Panel to probe findings that led to execution
By JUAN A. LOZANO Associated Press Writer
Aug. 15, 2008
HOUSTON — A state panel voted Friday to investigate whether a man
executed in 2004 for setting a fire that killed his three daughters
actually started the blaze.
The Texas Forensic Science Commission agreed to review the original
findings that Cameron Todd Willingham set a fire at his family's
Corsicana home two days before Christmas in 1991. Its decision came
after the Innocence Project, a legal group that specializes in
overturning wrongful convictions, requested the case be reviewed.
Investigators with the Texas State Fire Marshal's Office ruled the
blaze was arson, started by an accelerant. But the Innocence Project
says experts in a 2006 report it commissioned concluded the fire was
not intentionally set.
"Our role is limited to determining whether or not the State Fire
Marshal's Office committed misconduct or professional negligence in
their analysis or their testimony," said Samuel Bassett, the chairman
of the commission.
The commission gave no timetable for how long the investigation could
take to complete.
This is the first investigation to be conducted by the commission,
created by the state Legislature in 2005 to look into allegations of
forensic misconduct.
Barry Scheck, co-director of the New York-based Innocence Project,
called the commission's action a "very big development."
"The question is in how many cases has there been wrong scientific
testimony given and how much of a difference did that make in those
cases," he said.
Jerry Hagins, a spokesman for the Texas Department of Insurance, which
the fire marshal's office is a part of, said the agency had not been
immediately informed of the commission's decision.
"We are willing to help and cooperate in any way we can," he said.
At Willingham's trial, a fire marshal testified the accelerant,
possibly lighter fluid, was placed in a way to impede any rescue
efforts.
At his trial, neighbors said Willingham, the lone survivor of the
blaze, was outdoors even before flames engulfed the house and was
worried about his car catching fire. Prosecutors contended he just
wanted to get rid of his children: 2-year-old Amber and 1-year-old
twins Karmon and Kameron.
Willingham did not testify in his own defense but long contended — even
in the moments before his execution — that he was innocent.
Willingham suggested a lantern lamp dumped fluid when a shelf collapsed
inside the house and caught fire, or his oldest daughter accidentally
set off the blaze or someone else showed up to kill him and his kids.

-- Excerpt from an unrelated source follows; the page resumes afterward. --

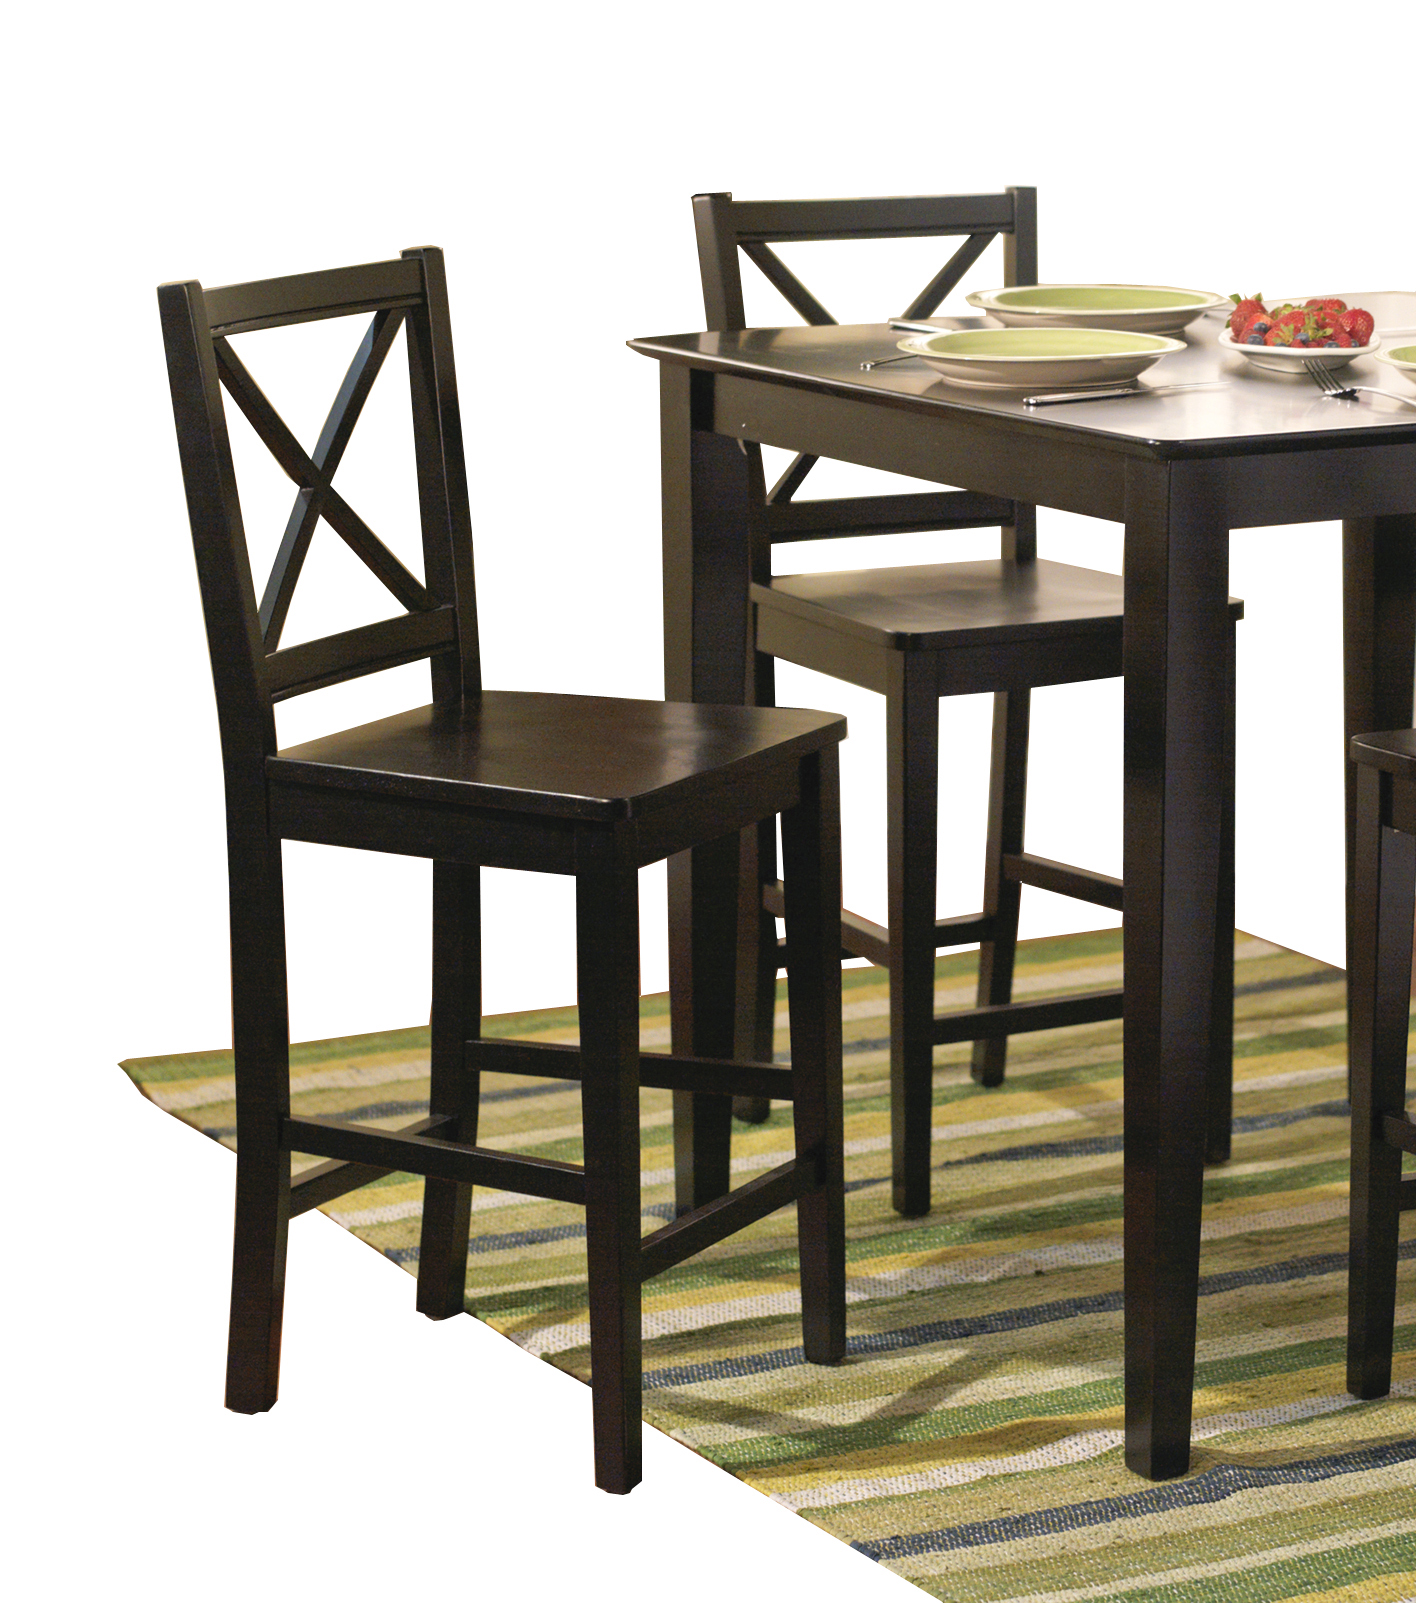 TMS Virginia Cross-Back 24" Counter Stools,Black, Set of 2 - image 5 of 6

In addition to investigating Willingham's case, the commission also
agreed to look into the case of Ernest Ray Willis, who was convicted in
1987 for a West Texas house fire that killed two women. He spent 17
years on death row before being freed after a federal judge ruled
authorities concealed evidence and needlessly drugged him during his
trial.
The Innocence Project's 2006 report, by five nationally known fire
investigators, also concluded the fatal fire that Willis had been
convicted of starting was not arson.
The group's experts said the indicators investigators used to conclude
that both fires were arson have since been proven to be scientifically
invalid.
"All the assumptions they were making were without any scientific
merit," Scheck said.
Bassett, an Austin attorney, said the commission's probe will be
complicated.
He said the panel would look at whether investigators' testimony was
consistent with the science at the time, and whether new science later
on should have caused them to question their original testimony.